Reason: I've had an OK-ish day...got my coursework handed in, and I'm glad to see the back of it. That unit has been an absolute HELL. So long as my mark is above 40%, I don't care what I get.

I'm also feeling better in general about my exams, as well...revision lectures and seeing people does that to me. It feels good to talk about it...it lets me know I'm not the only one absolutely clueless/terrified about things. Misery loves company, and whatnot.

Also managed to pick up a few bargains in town...GAME and Gamestation are still having clearance sales. Arrrgh. I could have spent about four times what I actually spent...

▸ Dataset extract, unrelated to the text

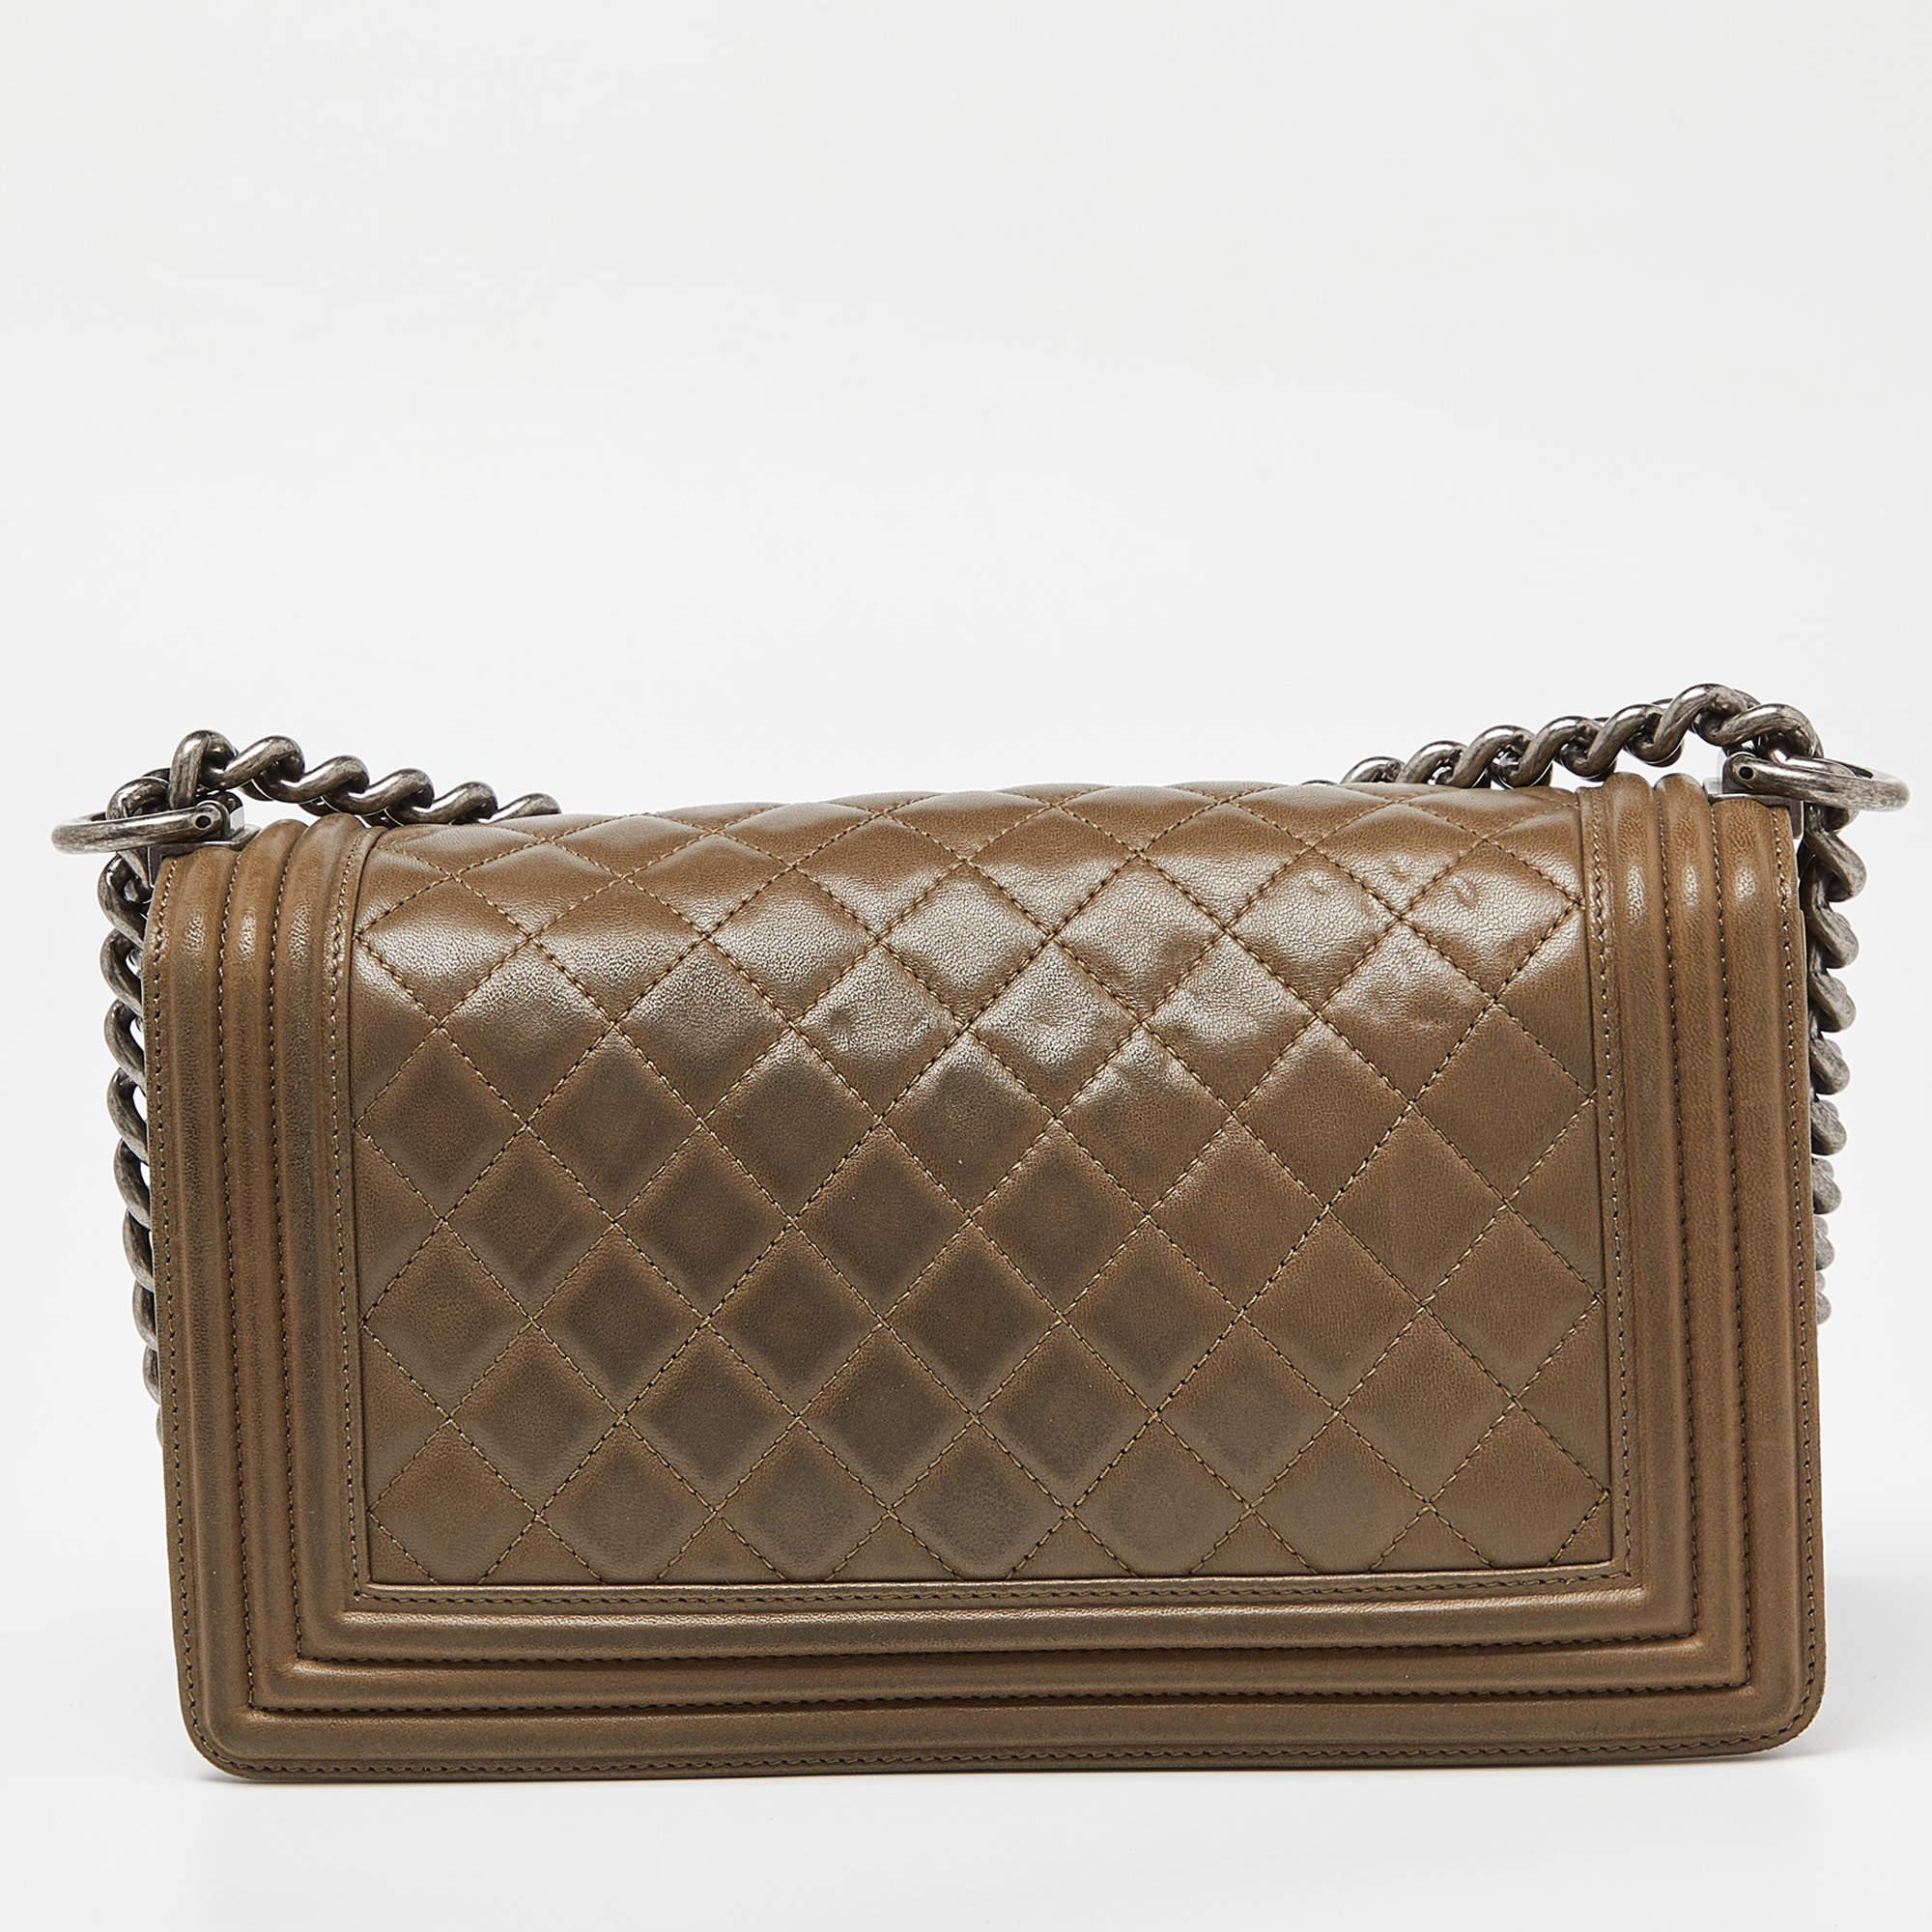 Chanel Green Quilted Leather Medium Boy Flap Bag In Good Condition For Sale In Dubai, Al Qouz 2

The only downside is I skipped lunch, so I'm near death from lack of food. Dinner isn't for another hour; if I have something now I'll spoil my appetite, so I have to wait...arrgh...
 
Mood: Pleased

Reason: I had a one-to-one extra lesson this morning in preparation for my English exam that is coming in a few weeks. It was really useful because I actually got something done and it has entrenched in my head a lot of useful points. I'm starting to feel that the exam may not turn out to be so hard after all.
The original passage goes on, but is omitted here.